In de bereikbaarheidsanalyse is geen rekening gehouden met de buitenlandse ziekenhuizen.
Het RIVM-onderzoek gevoelige ziekenhuizen is opnieuw uitgevoerd in 2006 en 2008. Het recente onderzoek uit 2010 is een uitwerking van het onderzoek uit 2008 en dan specifiek gericht op Oost-Groningen. Het model is steeds gelijk gebleven maar er is natuurlijk wel gebruik gemaakt van recentere data voor het wegennet, de locaties van ambulancestandplaatsen en gerealiseerde snelheden van ambulances die met spoed rijden. Het is dus niet verwonderlijk dat tussen de uitkomsten van het RIVM-onderzoek van 2003 en het onderzoek uit 2010 verschillen bestaan.

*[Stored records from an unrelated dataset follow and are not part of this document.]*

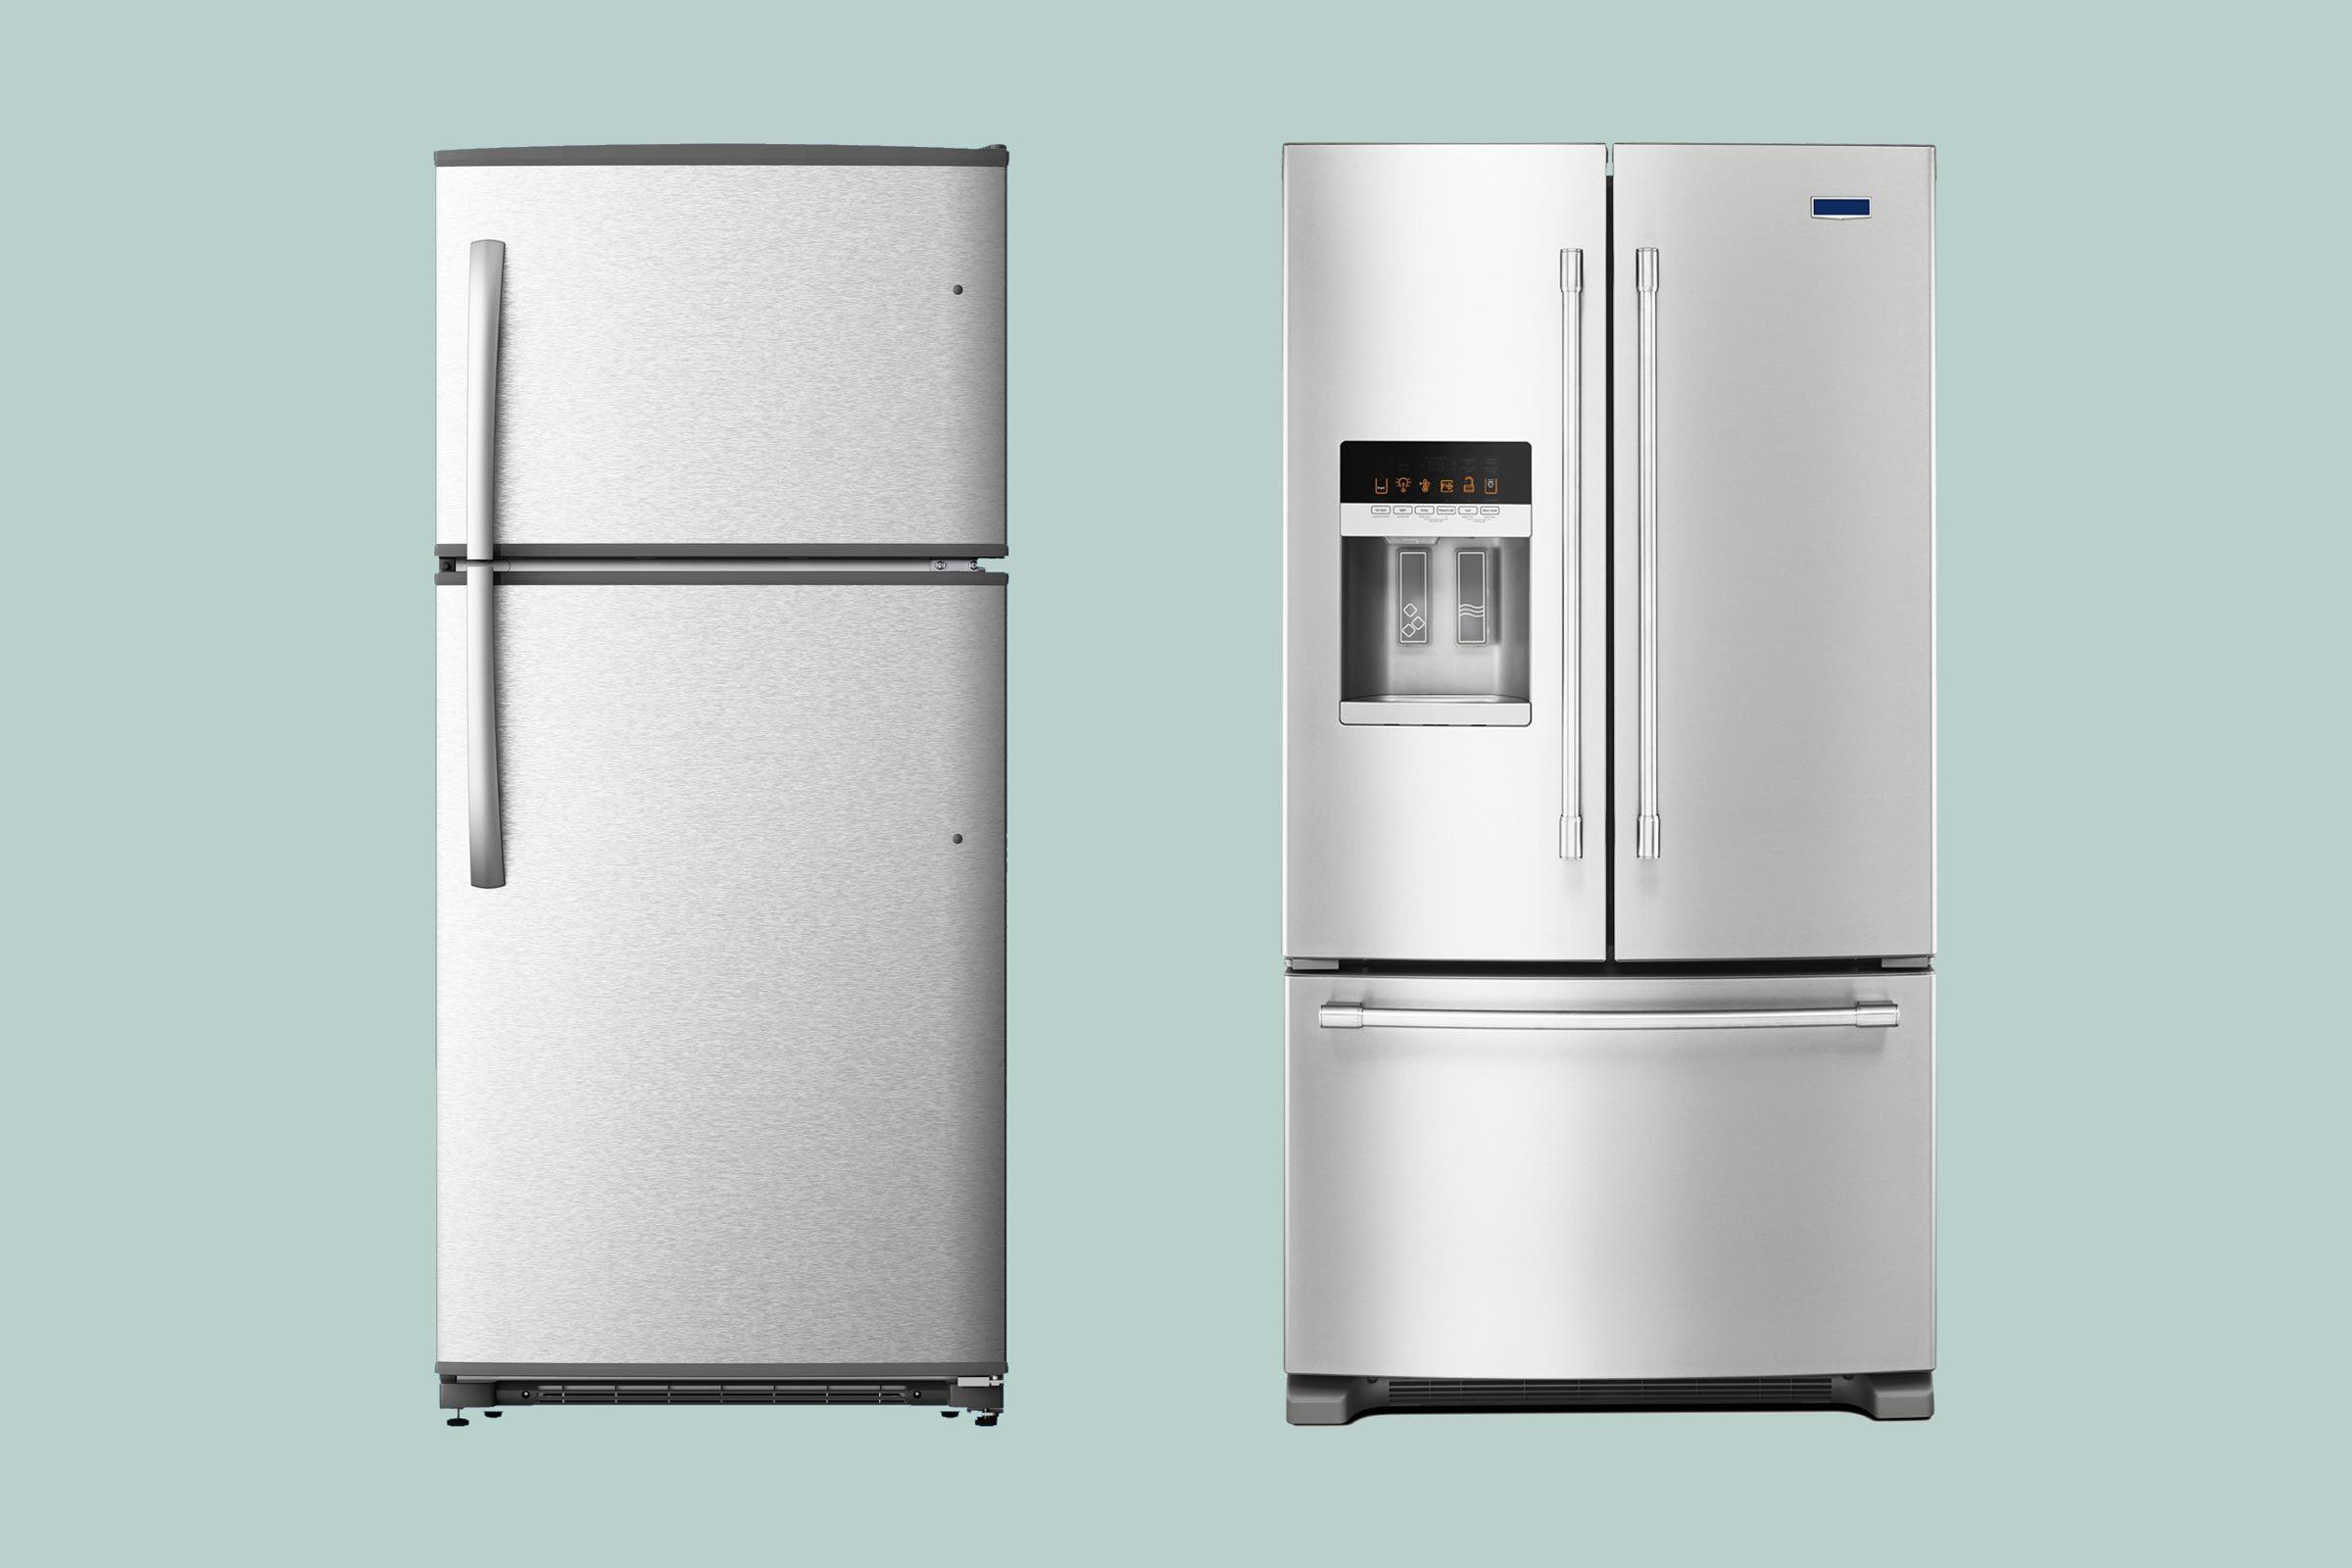 Bottom Freezer Vs Top Freezer Which One S Better Reader S Digest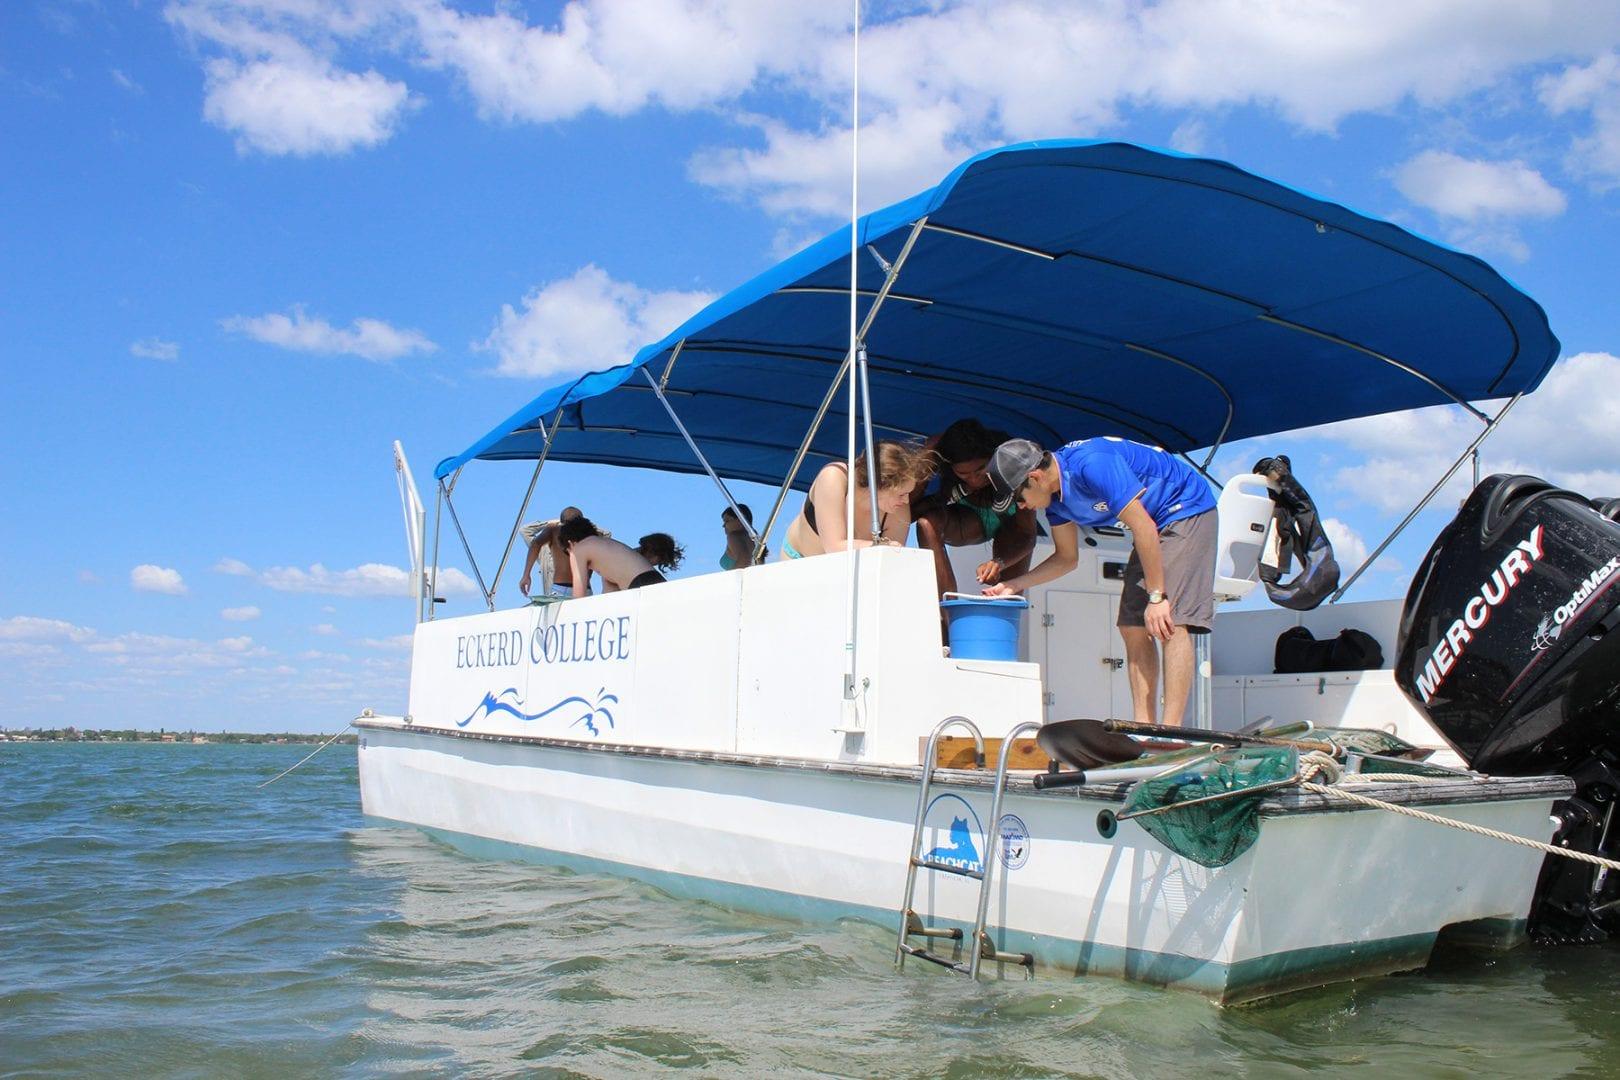 Students studying specimens aboard the Eckerd College catamaran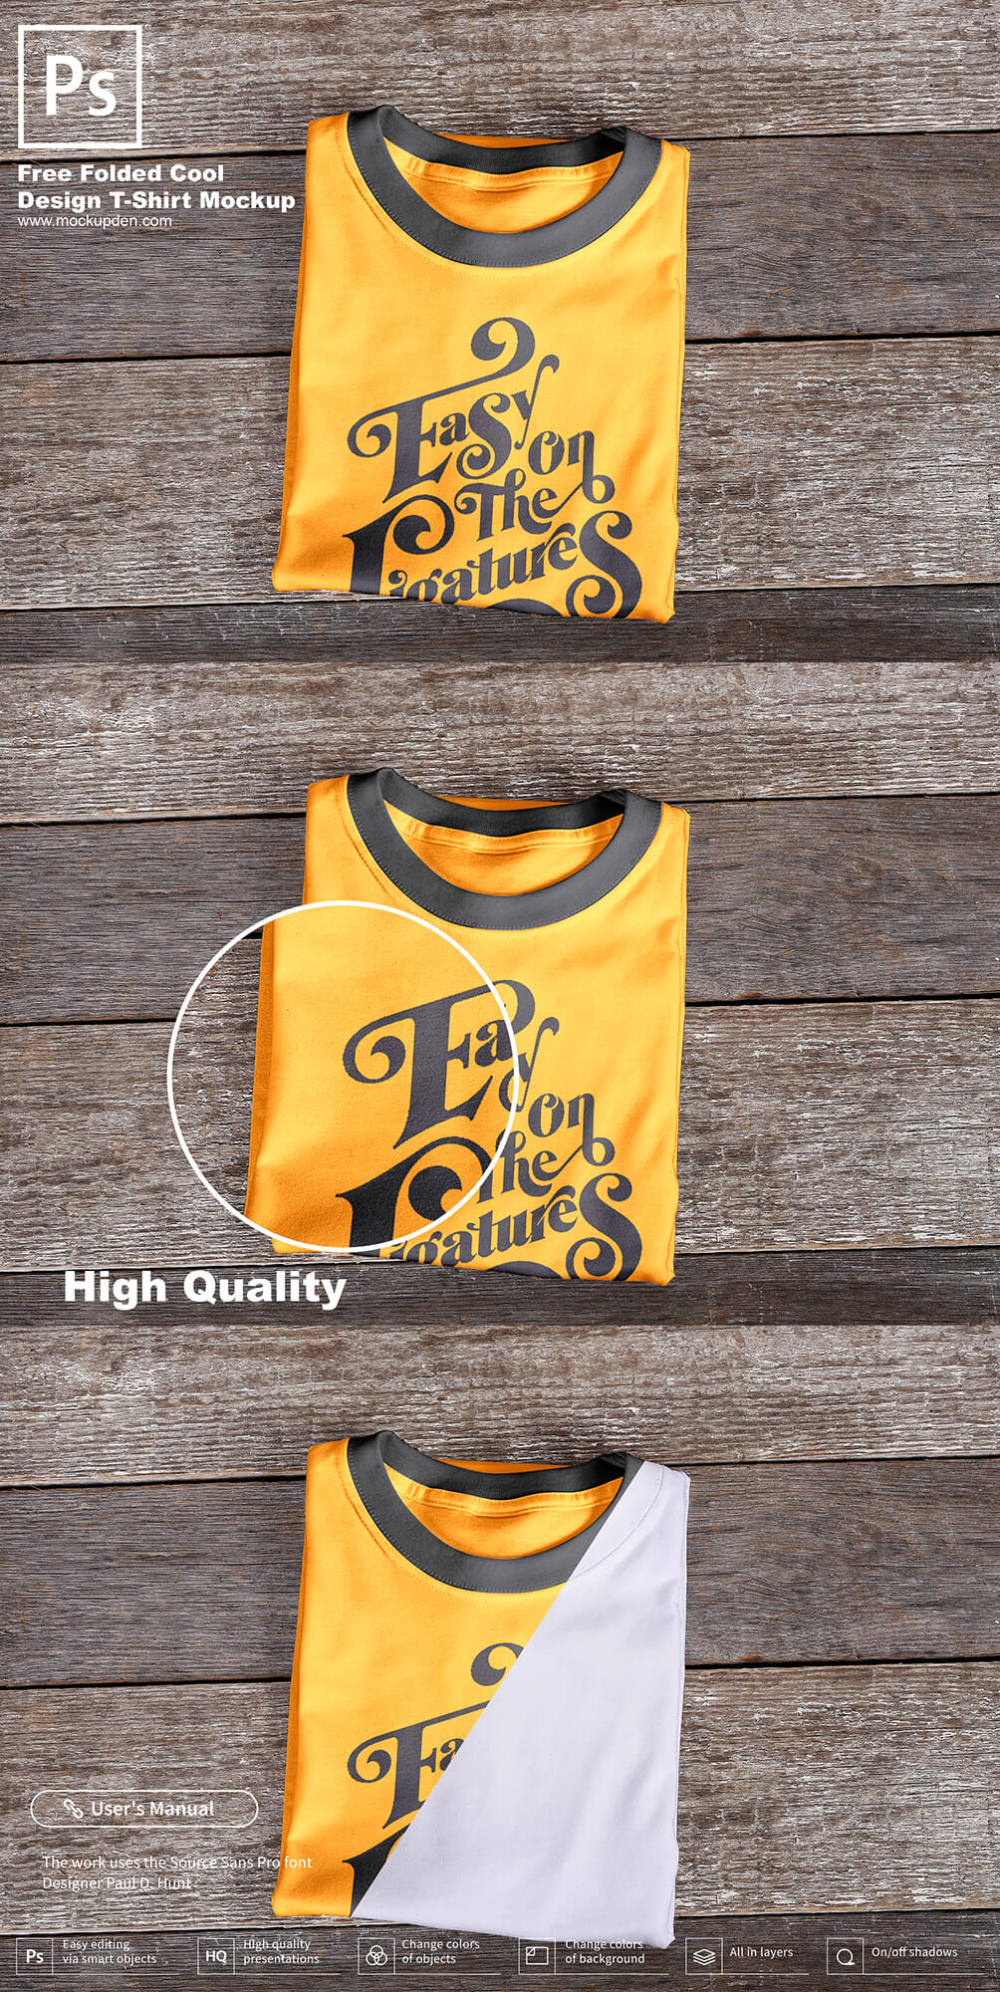 Download Free Folded Cool Design T Shirt Mockup Psd Template Shirt Mockup Tshirt Mockup Mockup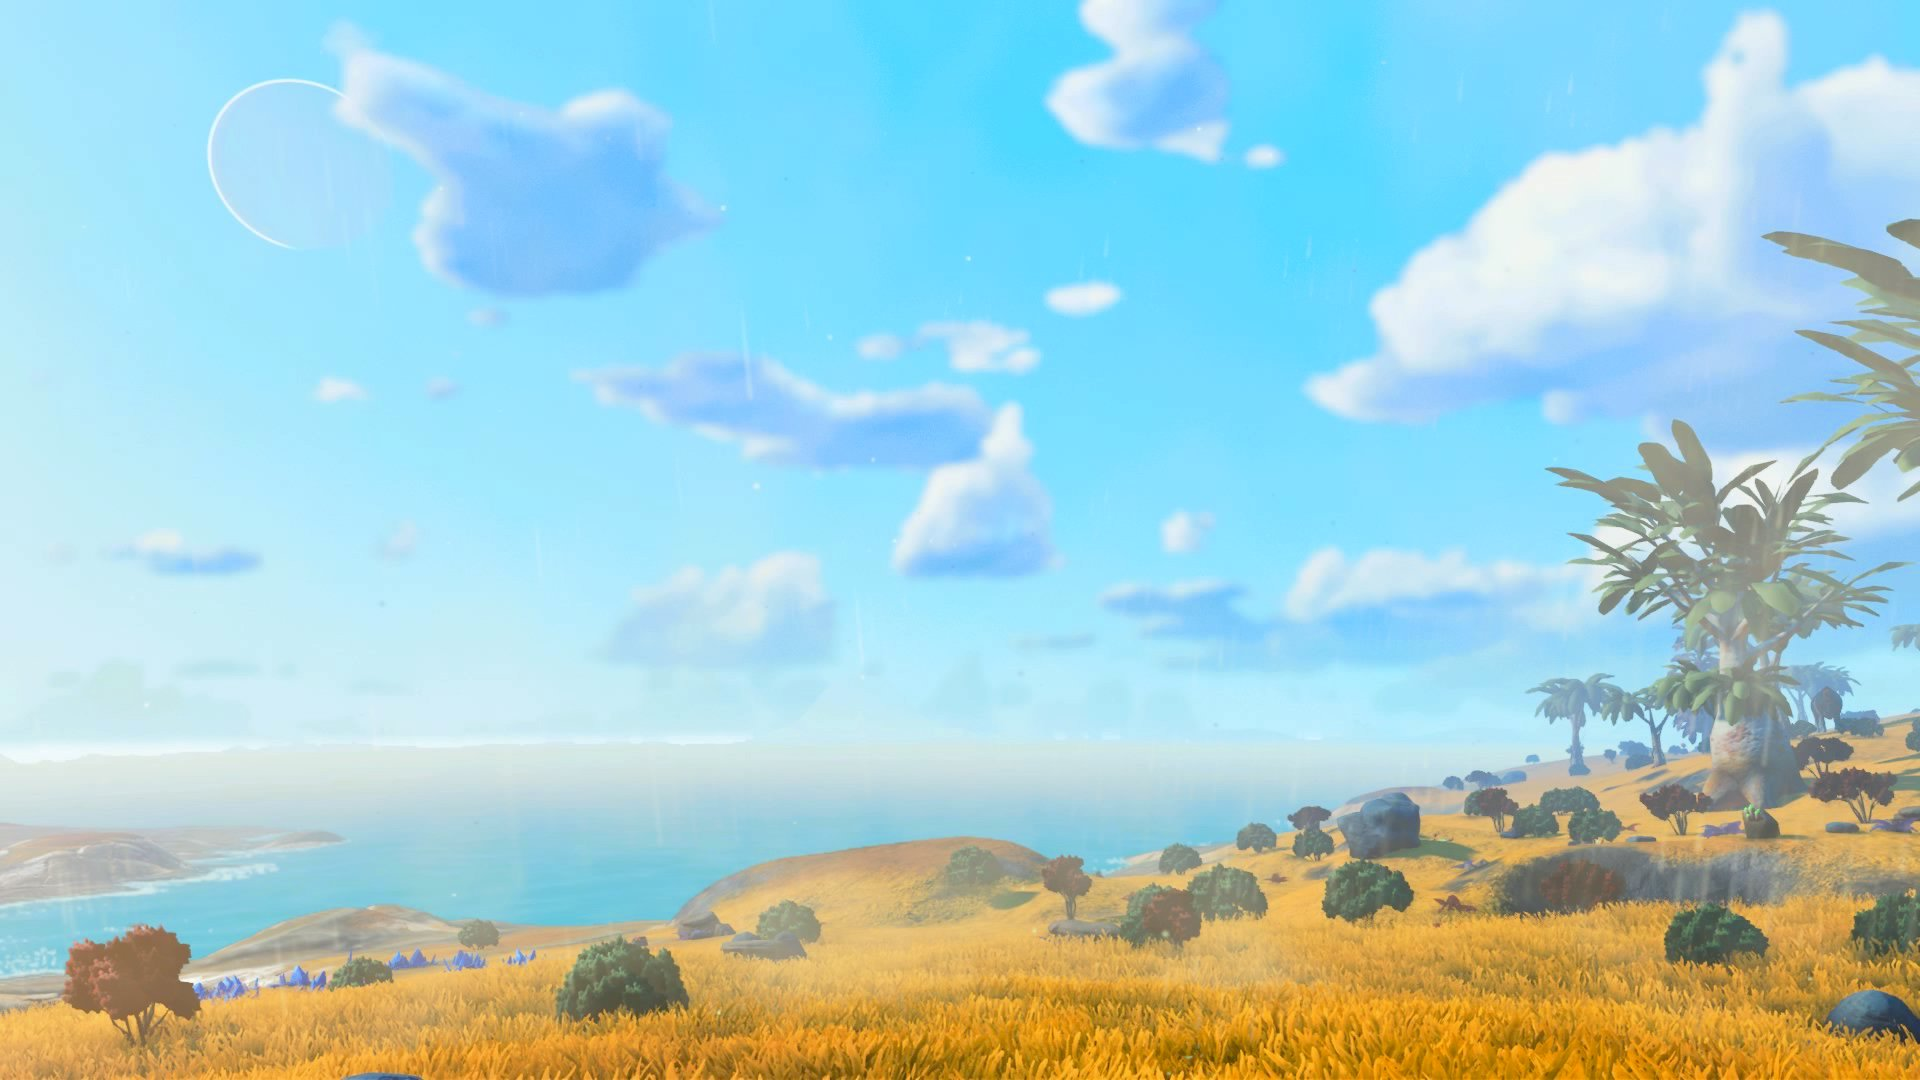 Screenshot from No Man's Sky

Het verschil tussen het RIVM-onderzoek en het ARGO-onderzoek is met name gelegen in het feit dat het RIVM-onderzoek zich heeft gericht op de 45 minutennorm, zoals deze in de Wet Toelating Zorginstellingen (WTZi) is vastgelegd om de spreiding van de SEH’s te borgen. In het RIVM-onderzoek wordt de 45 minutennorm als spreidingsnorm toegepast; er dient een minimale spreiding van SEH’s in stand te worden gehouden ten behoeve van de bereikbaarheid binnen 45 minuten.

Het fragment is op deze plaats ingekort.